La Frenología es la Ciencia que trata de las funciones atribuidas a cada parte del cerebro. El Dr. Gall, fundador de esta Ciencia, pensaba que, puesto que el cerebro es el punto hacia donde son conducidas todas las sensaciones y de donde parten todas las manifestaciones de las facultades intelectuales y morales, cada una de las facultades primitivas debería tener allí su órgano especial. Por lo tanto, su sistema consiste en la localización de las facultades. Él sacó la siguiente conclusión: si el desarrollo de la caja ósea es determinado por el desarrollo de cada parte cerebral, produciendo protuberancias, del examen de estas protuberancias se podría deducir el predominio de tal o cual facultad, y de ahí el carácter o las aptitudes del individuo; es por eso que también es dado a esta Ciencia el nombre de craneoscopia, con la diferencia de que la Frenología tiene como objeto todo lo que concierne a las atribuciones del cerebro, mientras que la craneoscopia se limita a las ilaciones extraídas de la inspección del cranio. En una palabra, Gall hizo con relación al cráneo y al cerebro, lo que Lavater hizo con los rasgos fisonómicos.

Nosotros no vamos a discutir aquí el mérito de esta Ciencia, ni examinar si es verdadera o exagerada en todas sus consecuencias; pero la misma ha sido alternativamente defendida y criticada por hombres de un alto valor científico; si ciertos detalles son todavía hipotéticos, no por eso ella deja de asentarse en un principio indiscutible: el de las funciones generales del cerebro y en las relaciones que existen entre el desarrollo o la atrofia de ese órgano y las manifestaciones intelectuales.
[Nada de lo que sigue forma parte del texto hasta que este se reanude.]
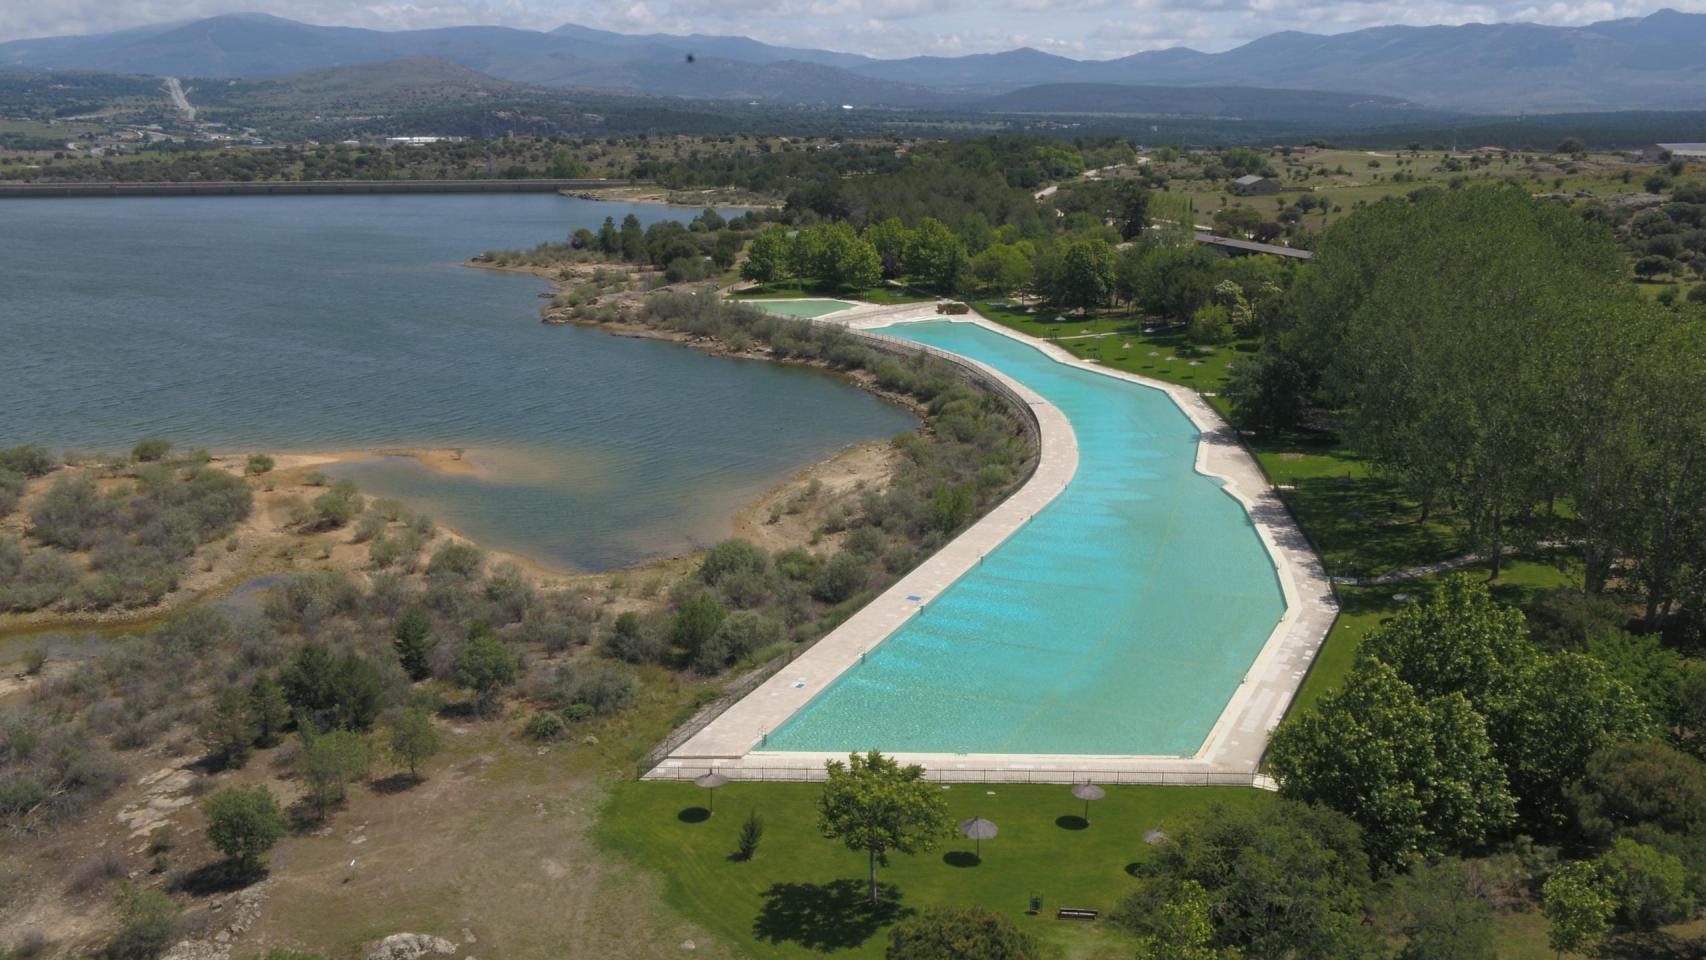 La piscina gigante de Riosequillo, en Buitrago de Lozoya. Foto: Serrazar.
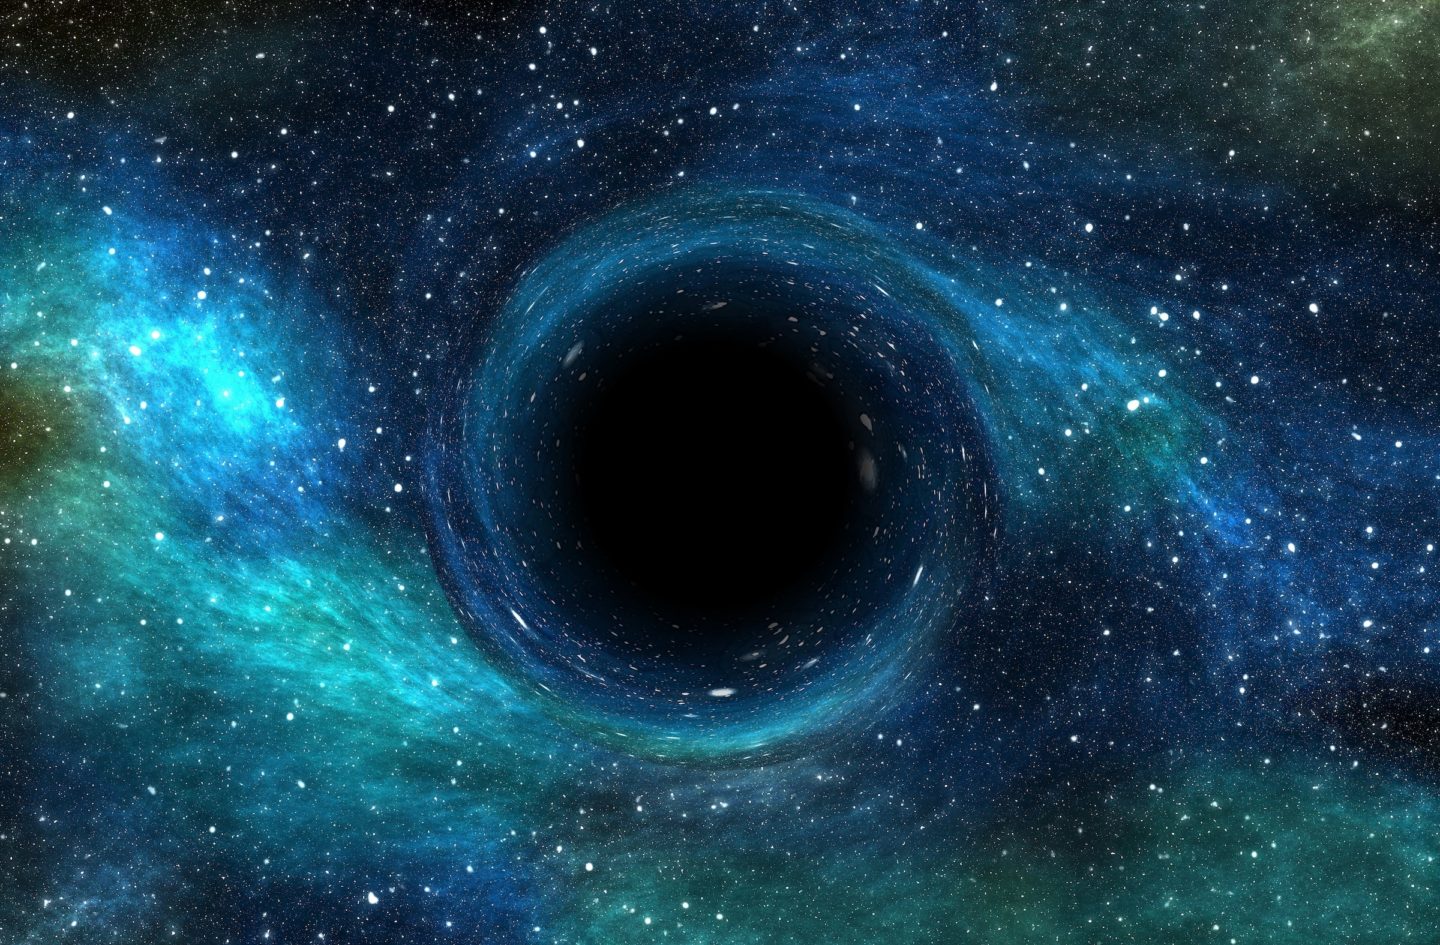 المادة المظلمة المسبب الأساسي لوجود ثقوب سوداء في بداية الكون

Lo que es de nuestra incumbencia es el estudio de sus consecuencias psicológicas.

De las relaciones que existen entre el desarrollo del cerebro y la manifestación de ciertas facultades, algunos científicos han sacado la conclusión de que los órganos cerebrales son la propia fuente de las facultades, doctrina que no es otra sino la del materialismo, porque tiende a la negación del principio inteligente ajeno a la materia; por consecuencia, hace del hombre una máquina, sin libre albedrío y sin la responsabilidad de sus actos, ya que siempre podría echar la culpa de sus errores a su organismo, y sería una injusticia punirlo por faltas que no habrían dependido de él cometerlas. Uno se queda alarmado con las consecuencias de semejante teoría, y con razón. ¿Se debería por eso proscribir la Frenología? No, pero hay que examinar lo que en ella podría haber de verdadero o de falso en la manera de encarar las cosas; ahora bien, este examen prueba que las atribuciones del cerebro, en general, e incluso la localización de las facultades, pueden perfectamente conciliarse con el Espiritualismo más severo, que allí encontraría la explicación de ciertos hechos. A título de hipótesis, admitamos por un instante la existencia de un órgano especial para el instinto musical; supongamos, por otro lado, como nos enseña la Doctrina Espírita, que un Espíritu, cuya existencia es bien anterior a su cuerpo, reencarne con la facultad musical muy desarrollada; esta facultad se ejercerá naturalmente sobre el órgano correspondiente y estimulará su desarrollo, como el ejercicio de un miembro aumenta el volumen de los músculos. En la niñez, como el sistema óseo ofrece poca resistencia, el cráneo sufriría la influencia del movimiento expansivo de la masa cerebral; de este modo, el desarrollo del cráneo es producido por el desarrollo del cerebro, así como el desarrollo del cerebro es producido por el de la facultad. La facultad es la causa primera; el estado del cerebro es un efecto consecutivo; sin la facultad, el órgano no existiría o no sería más que rudimentario. Considerada bajo este aspecto, la Frenología no tiene –como se ve– nada de contrario a la moral, porque deja al hombre toda su responsabilidad, y agregamos que esa teoría está, a la vez, de conformidad con la lógica y con la observación de los hechos.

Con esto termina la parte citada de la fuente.